Definitely go the hybrid!
It'd be a fun final year project to come up with a decent, low mass-fraction hybrid system of that diminutive size, let alone one that'll reliably ignite remotely after it's ascent. Good luck to them if they want the challenge but I can't see hybrids being a magic solution - they could mass-optimise the solid for a lot less research time/budget if it's that critical, but a hybrid intrinsically requires more parts and infrastructure and they only scale down to a point. See, for instance, the smallest Contrail motors - 38x400mm for a G100/123/130/300, Skyripper motors - 29x300mm for a G63 or 38x400mm for a G125, the MicroHybrid project - 24x140mm for a D with a truly terrible mass fraction. At 32x150mm the G12 is just metal tubing, nozzle and bulkheads, everything else is fuel; the hybrids are all this, plus injector assembly, ignition system, fill mechanism, with the tubing being twice as long/heavy - that's a heavy penalty to overcome.
g is not 9.81ms-2. As I calculated in http://forums.theregister.co.uk/forum/1/2010/11/01/paris_climax/ it is only 99.15% of that, or 9.73 ms-2. Due to irregularities in the Earth's composition, the final digit is only approximate but the effects of altitude are greater than that uncertainty.
It is sloppy to use figures that you know to be wrong and that you can easily calculate, even if the added accuracy makes little difference to your result. A figure of 9.8 or 9.7 I would have accepted. but to quote the extra figure when it is wrong shows a lack of attention to detail and implies inadequate understanding.
What if you used a "medium sized" Big Johnson (nitrous) for the initial in order to keep the mass down, followed up by the Three-Way (solids)?
Since the straight three-way just won't do it for her anymore. It makes sense that the solid propellant is denser and that means more mass to overcome at relatively lower speeds.
And of course anthing to make the whole package as slippery as possible. Although sometimes its useful to have just the right amount of drag in just the right places.

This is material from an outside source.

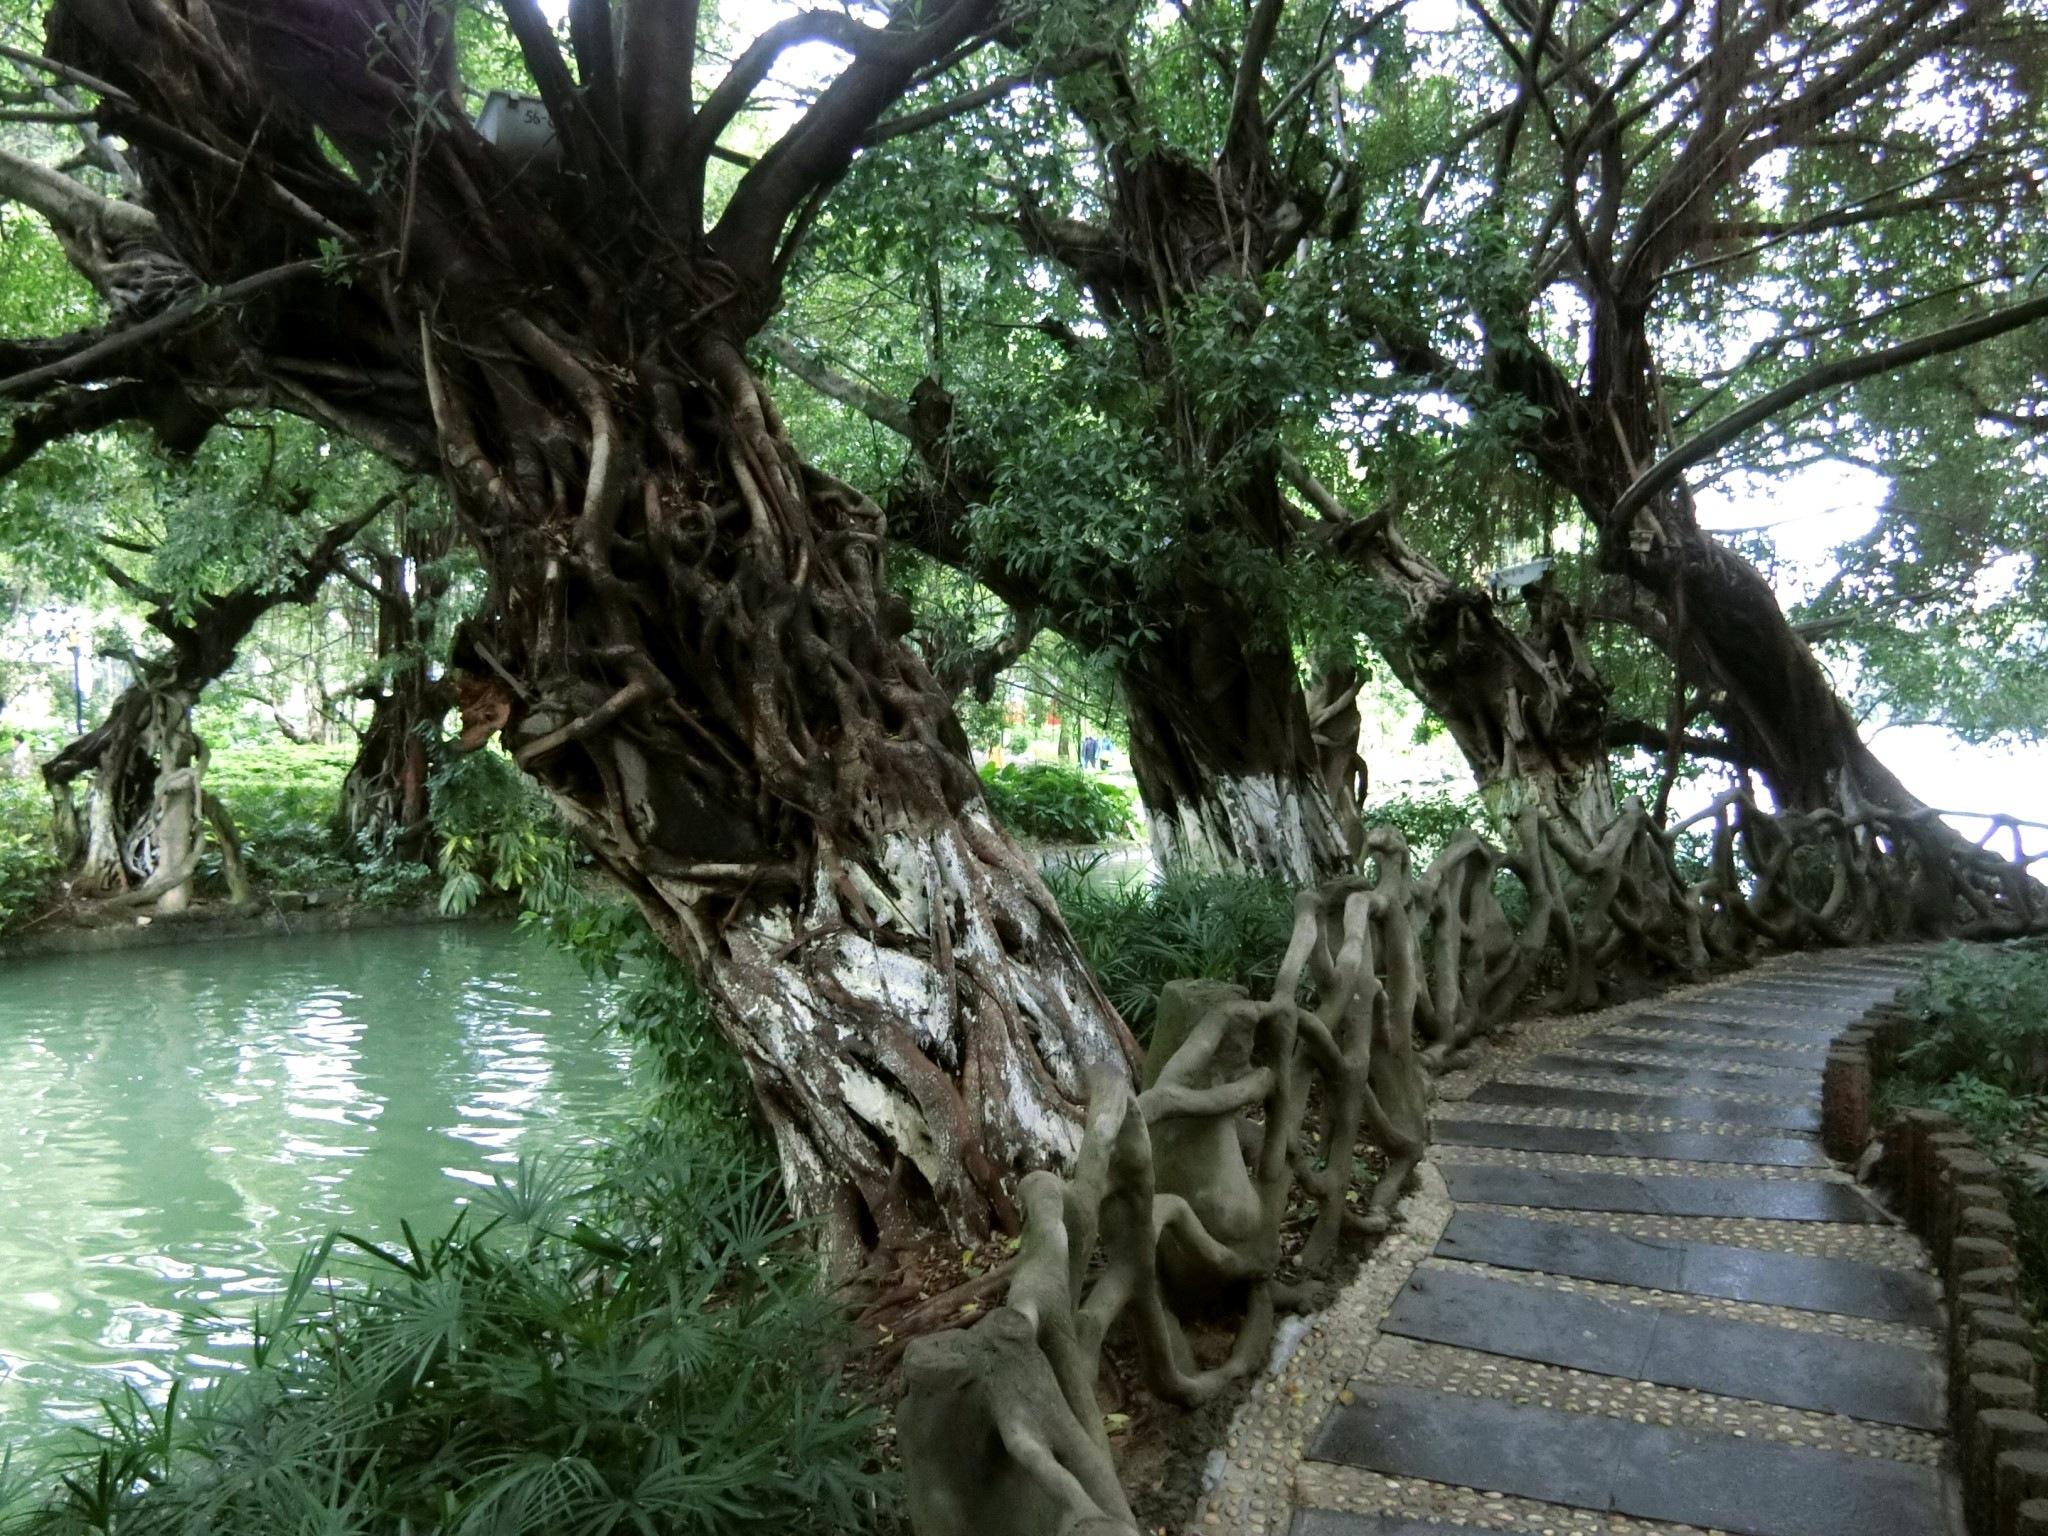 Lake Rong walkway, Guilin by pop88123

I agree with a few posts here that the project is getting away from the "Men in Sheds" appeal of the PARIS project. Powder laser sintering is expensive and beyond most to replicate. Has anyone considered using a RepRap machine as this is within most peoples reach and would bring back the appeal.
Also this is a British project, where is the Union Flag? Come on guys RJ Mitchell and Barnes Wallace will be turing in their graves.
Currently it seems to be dressed in Italian livery, which is almost certainly more chic, but may make the aircraft less reliable!